Doch nicht allein deswegen hat Susanne stets mit großem Ehrgeiz am Sportunterricht teilgenommen. Es war en vogue sich fit zu halten; einen Waschbrettbauch wollten einfach alle haben. Die Übungen hatten was Meditatives. Das Wiederholen einzelner Bewegungsabläufe brachte dies mit sich und so geriet das tägliche Training für Susanne zu einer Art Trance. Schrittweise schraubte sie ihren Blutdruck an der Sprossenwand schwitzend in ungeahnte Höhen. Sie liebte diesen Moment. Sie fühlte sich stark und ausdauernd. Und konnte dabei denken. Wie andere Leute sich nicht ohne Musik konzentrieren können, brauchte Susanne das Fitneß-Training, um sich zu sammlen. Ihre Gedankenströme hatte sie dann gebündelt und war in diesem Zustand auch zu den wildesten Visionen im Stande. Am liebsten fabulierte sie in diesem Moment Möbel herbei.
Es waren Einrichtungsgegenstände, die in viele Einzelteile zerlegbar waren. Diese Einzelteile sollten nicht nur in ein einzelnes Baukastenschema passen. Man sollte die unterschiedlichsten Möbel daraus zusammenbauen können. Wichtig war jedoch nicht nur die Mehrzweckdienlichkeit der Partikel, sondern auch die Vielseitigkeit des Ganzen. Zum Beispiel sollte sich ein Schrank in einen Schreibtisch respektive in ein Bett kippen lassen. Am wichtigsten war ihr jedoch, daß sich der Gegenstand in jeder Position auch als Fitneßgerät nutzen lassen würde.

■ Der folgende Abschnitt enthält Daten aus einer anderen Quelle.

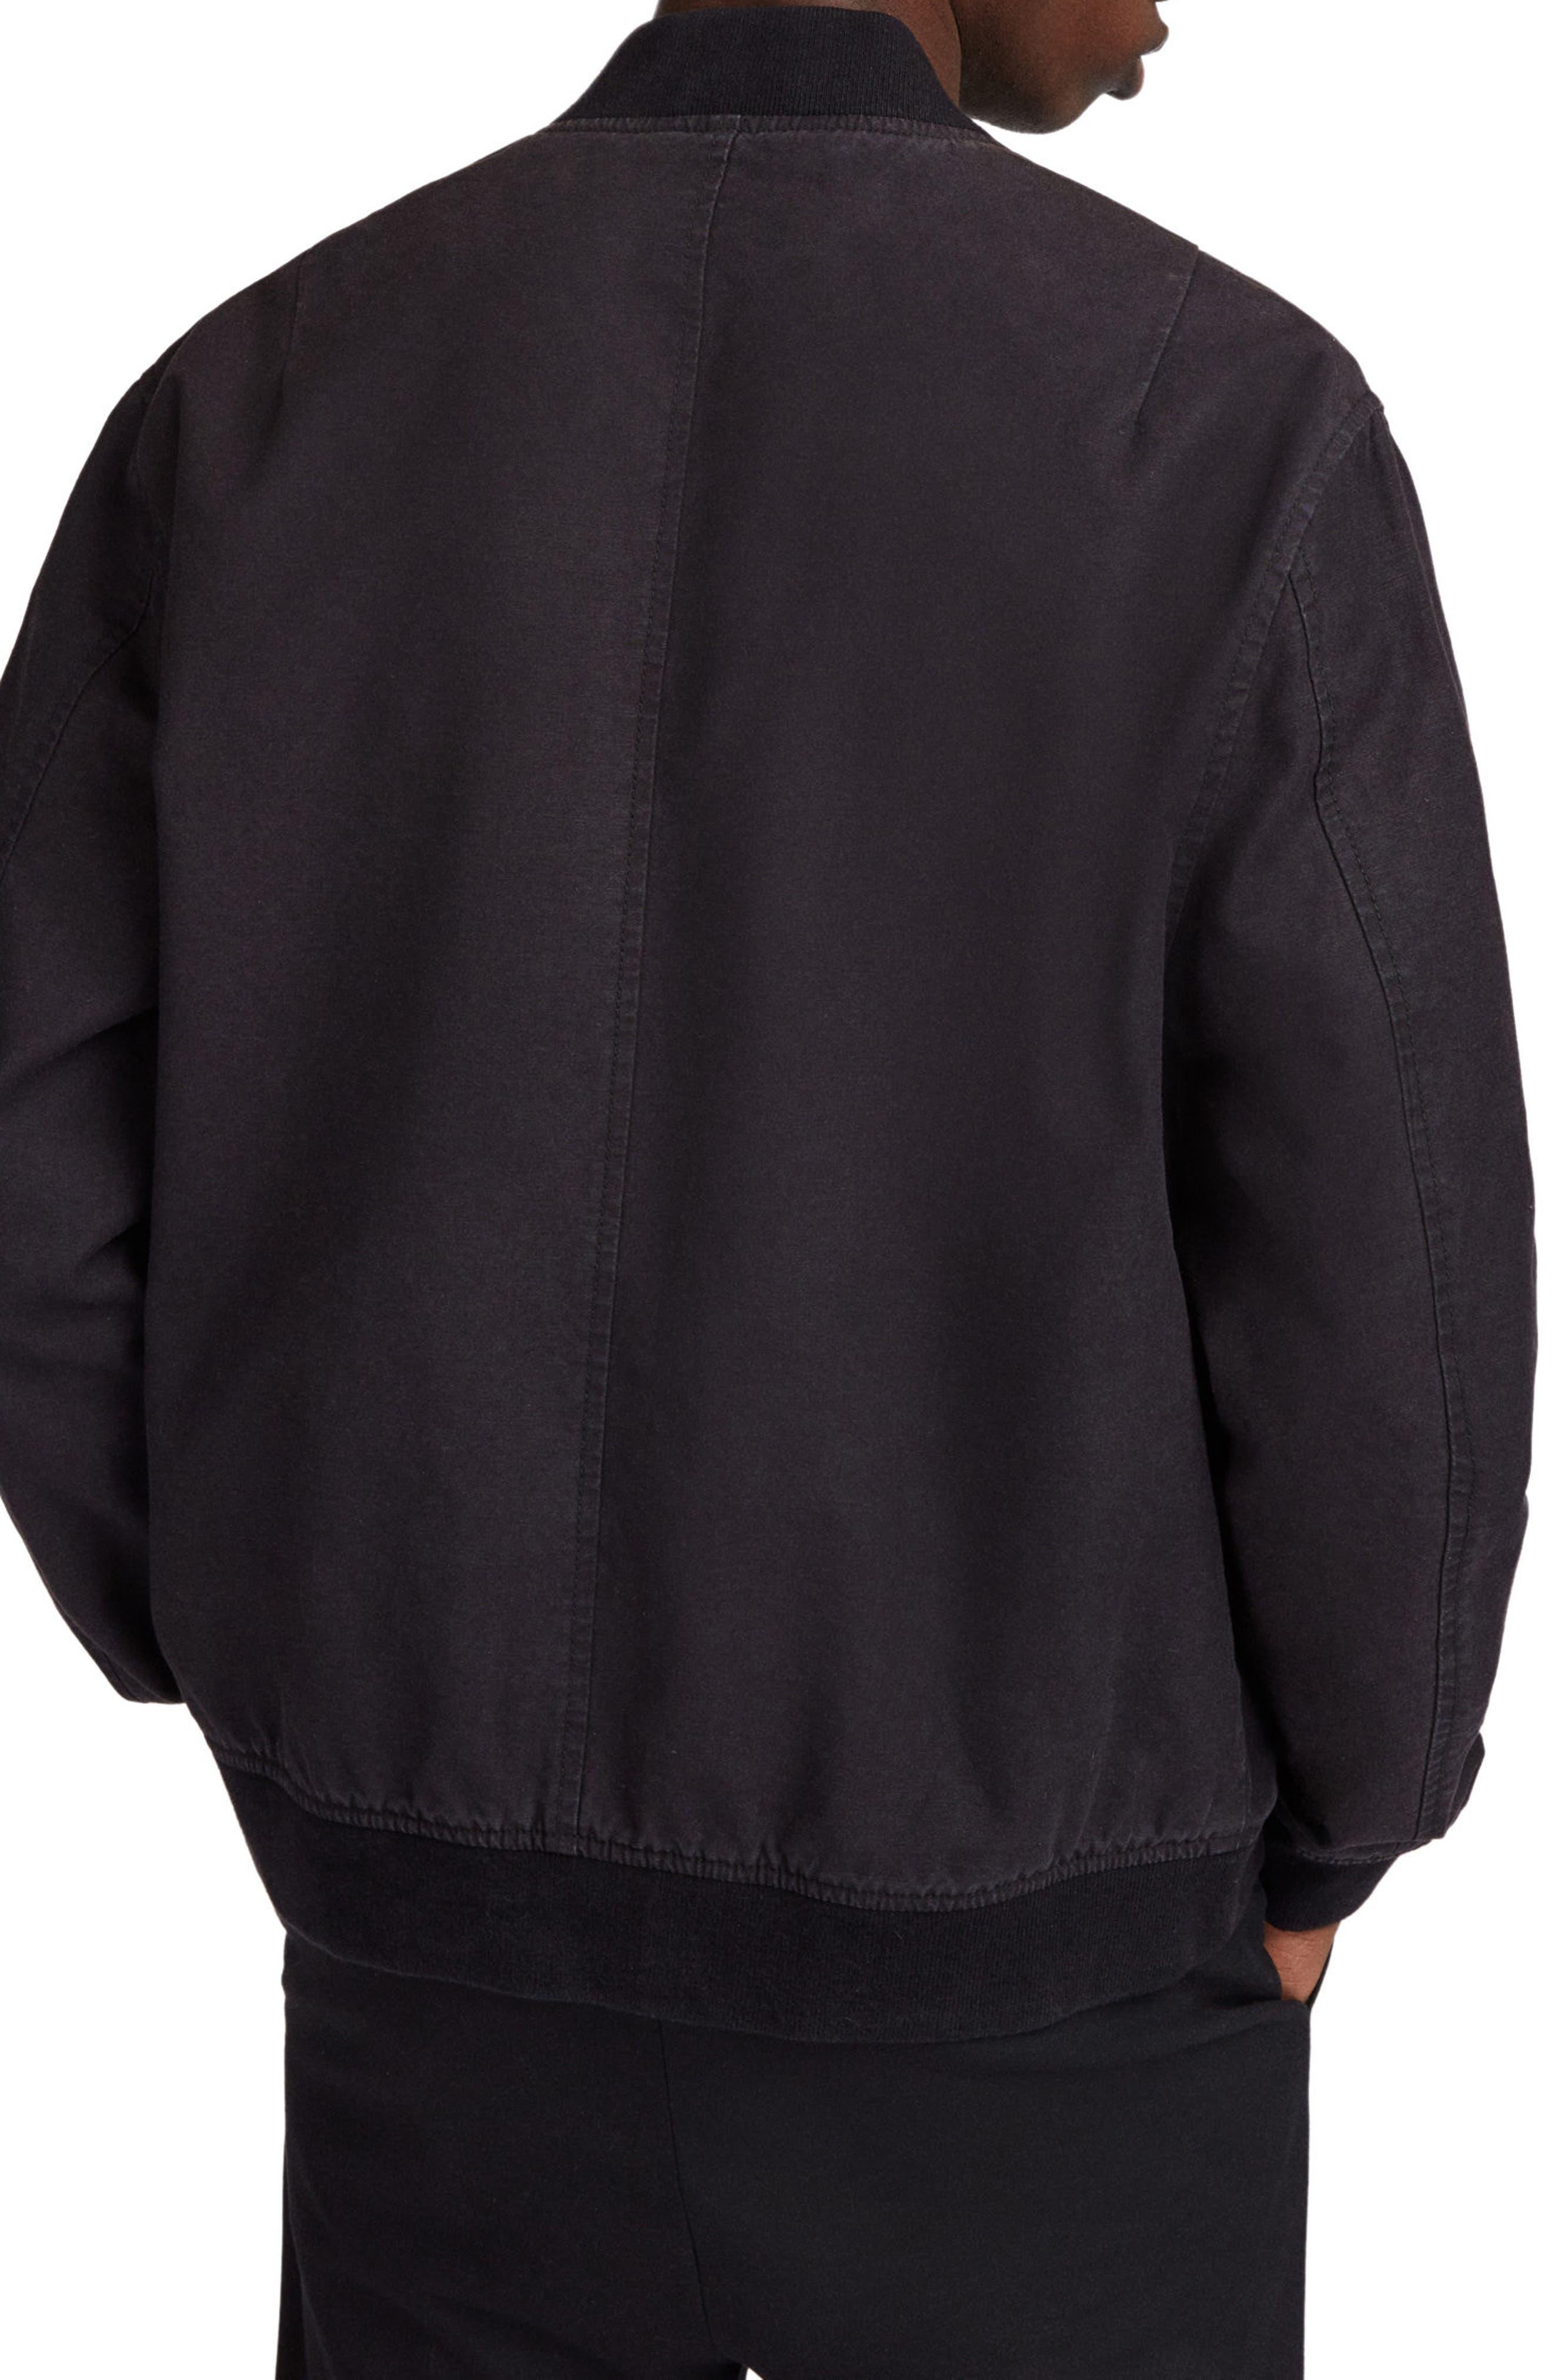 Moyne Bomber Jacket,                             Alternate thumbnail 2, color,                             Black

Erst später kamen ihr die Gedanken zu einer Konstruktion die es erlaubt, bei der Arbeit zu trainieren. Susanne hatte Cockpits erdacht, die aussahen wie individuelle Raumstationen auf der Enterprise und zugleich an Hometrainer erinnerten. Man sollte am computerisierten Arbeitsplatz mit multiplen Monitoren und Keyboards jederzeit in die Pedale treten können. Als eine ihrer geistreichsten Ideen erachtete sie den digitalen Trainer: ein vorprogrammierter Timer samt personalisiertem Trainingsprogramm, der via Online-Datenbanken ihre eigenen Übungsergebnisse auf eine numerische Vergleichsebene mit anderen Nutzern dieser Geräte setzen sollte. Später, nachdem sie das BSZ erfolgreich abgeschlossen und ein Praktikum im Ausland absolviert hatte, war sie längst nicht mehr nur darum bemüht, ihre eigenen Wünsche auf potentielle Prototypen zu projizieren. Sie hatte ihre während des Workouts entstandenen Visionen längst zu Geschäftsmodellen und Businessplänen verdichtet. Auf der Suche nach Lücken und Nischen kam ihr dann auch die Idee, daß ja vielleicht nicht alle an Bewegung bei der Arbeit denken, jedoch trotzdem in dieser Zeit gern ein paar Kilo verlieren und ihre Muskulatur auf Vordermann bringen würden.
Dabei herausgekommen ist ein Bürosessel mit integriertem Tone Master Digital , dessen Steuergerät eine Reihe modulierter Impulse erzeugt, die wiederum von 10 Leitpads an die Muskeln übertragen werden. Diese Impulse werden quasi unmerklich bei jeder Art von geistiger Arbeit wiederholt, um mit effizienten und angenehmen Muskelkontraktionen eine normale sportliche Betätigung zu simulieren. Susanne ist stolz auf das wohl modernste Stück in ihrem Laden am Marktplatz in Tamsweg. Am liebsten sitzt sie selber drin und erdenkt neue Prototypen.